Look through the listing below and write out exactly the lines from the line with "Figure 5. TGA Mass Loss Data for Oil ‘A’" to the line with "Apollo-in-Hades-Style-Art-Mythical-God-with-Fiery-Aura", both included, and no others.

═══ Supplied records

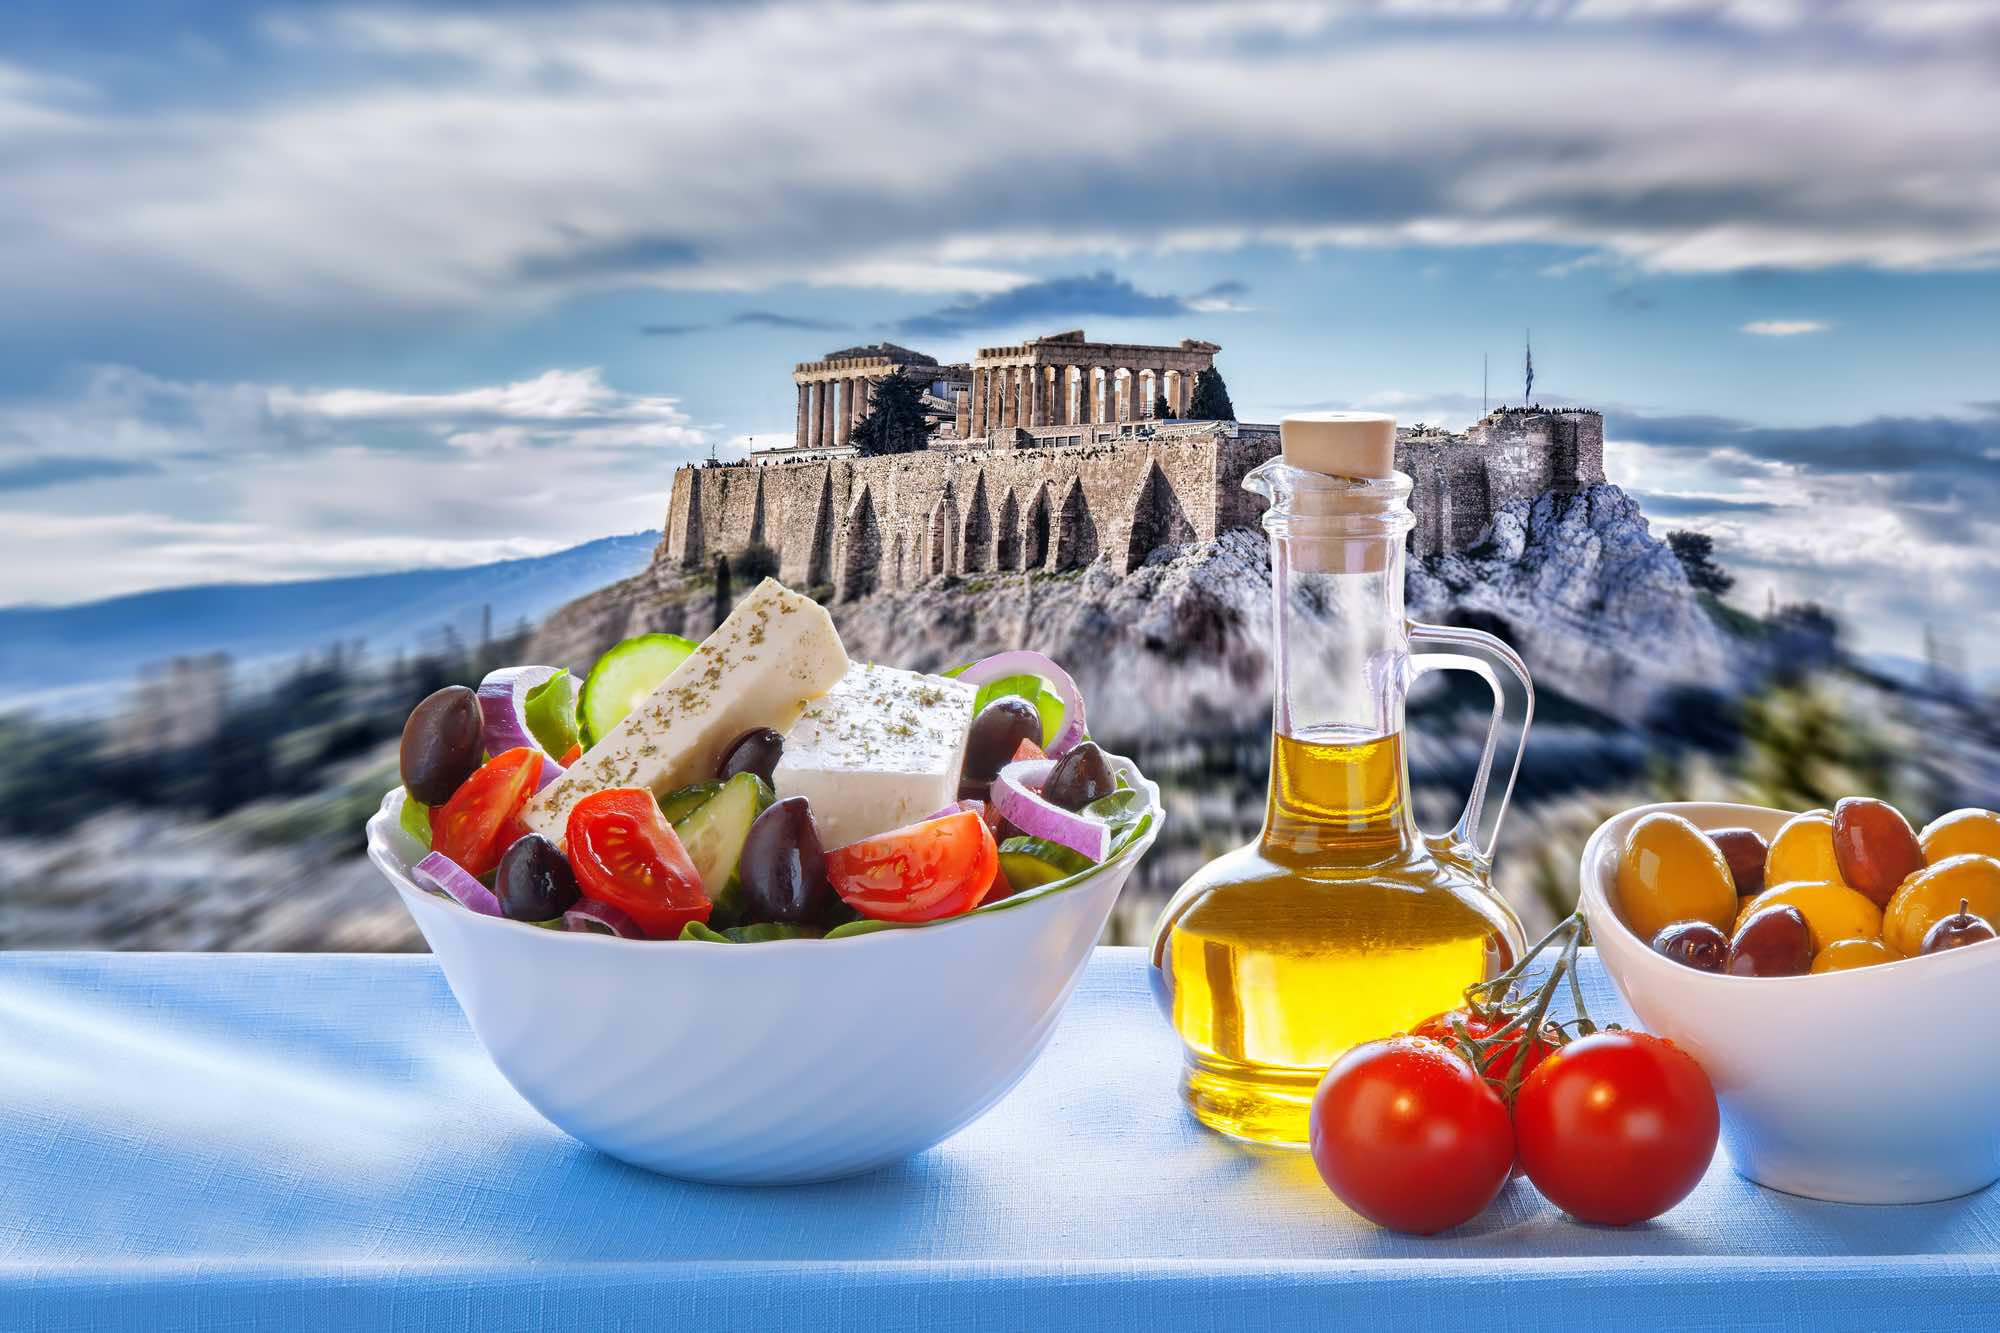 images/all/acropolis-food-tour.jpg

══════
═══ Supplied records

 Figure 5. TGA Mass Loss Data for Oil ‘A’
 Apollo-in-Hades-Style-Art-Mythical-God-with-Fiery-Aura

══════

_Solution for this exercise_:
 Figure 5. TGA Mass Loss Data for Oil ‘A’
 Apollo-in-Hades-Style-Art-Mythical-God-with-Fiery-Aura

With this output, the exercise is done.